Source records:
----------------

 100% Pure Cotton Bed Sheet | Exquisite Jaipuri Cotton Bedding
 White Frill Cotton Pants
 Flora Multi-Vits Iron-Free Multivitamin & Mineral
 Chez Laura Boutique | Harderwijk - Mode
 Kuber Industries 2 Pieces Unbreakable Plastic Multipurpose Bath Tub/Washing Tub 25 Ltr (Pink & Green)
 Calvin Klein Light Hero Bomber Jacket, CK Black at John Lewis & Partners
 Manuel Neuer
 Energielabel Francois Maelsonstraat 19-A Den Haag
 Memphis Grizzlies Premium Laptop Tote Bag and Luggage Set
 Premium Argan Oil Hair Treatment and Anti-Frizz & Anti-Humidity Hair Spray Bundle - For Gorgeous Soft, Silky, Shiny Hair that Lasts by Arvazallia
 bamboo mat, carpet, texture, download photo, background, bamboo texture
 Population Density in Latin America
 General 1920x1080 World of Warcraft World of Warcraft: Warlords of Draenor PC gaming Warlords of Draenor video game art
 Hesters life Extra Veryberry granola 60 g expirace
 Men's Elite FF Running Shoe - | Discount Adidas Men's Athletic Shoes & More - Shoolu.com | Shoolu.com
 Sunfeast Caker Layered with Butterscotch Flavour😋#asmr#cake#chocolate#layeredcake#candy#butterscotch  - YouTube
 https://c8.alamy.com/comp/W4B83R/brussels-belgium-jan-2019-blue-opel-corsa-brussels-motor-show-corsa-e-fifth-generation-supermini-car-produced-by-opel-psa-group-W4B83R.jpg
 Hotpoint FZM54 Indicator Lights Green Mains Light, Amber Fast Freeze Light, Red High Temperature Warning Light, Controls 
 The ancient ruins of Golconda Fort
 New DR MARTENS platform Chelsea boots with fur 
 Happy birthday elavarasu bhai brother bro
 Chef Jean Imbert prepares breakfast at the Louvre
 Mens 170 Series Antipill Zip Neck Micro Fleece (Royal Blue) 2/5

----------------

Exercise: Your reply is to repeat, unchanged, the lines above running from the one with "Men's Elite FF" up to and including the one with "Sunfeast Caker Layered".

Your response:
 Men's Elite FF Running Shoe - | Discount Adidas Men's Athletic Shoes & More - Shoolu.com | Shoolu.com
 Sunfeast Caker Layered with Butterscotch Flavour😋#asmr#cake#chocolate#layeredcake#candy#butterscotch  - YouTube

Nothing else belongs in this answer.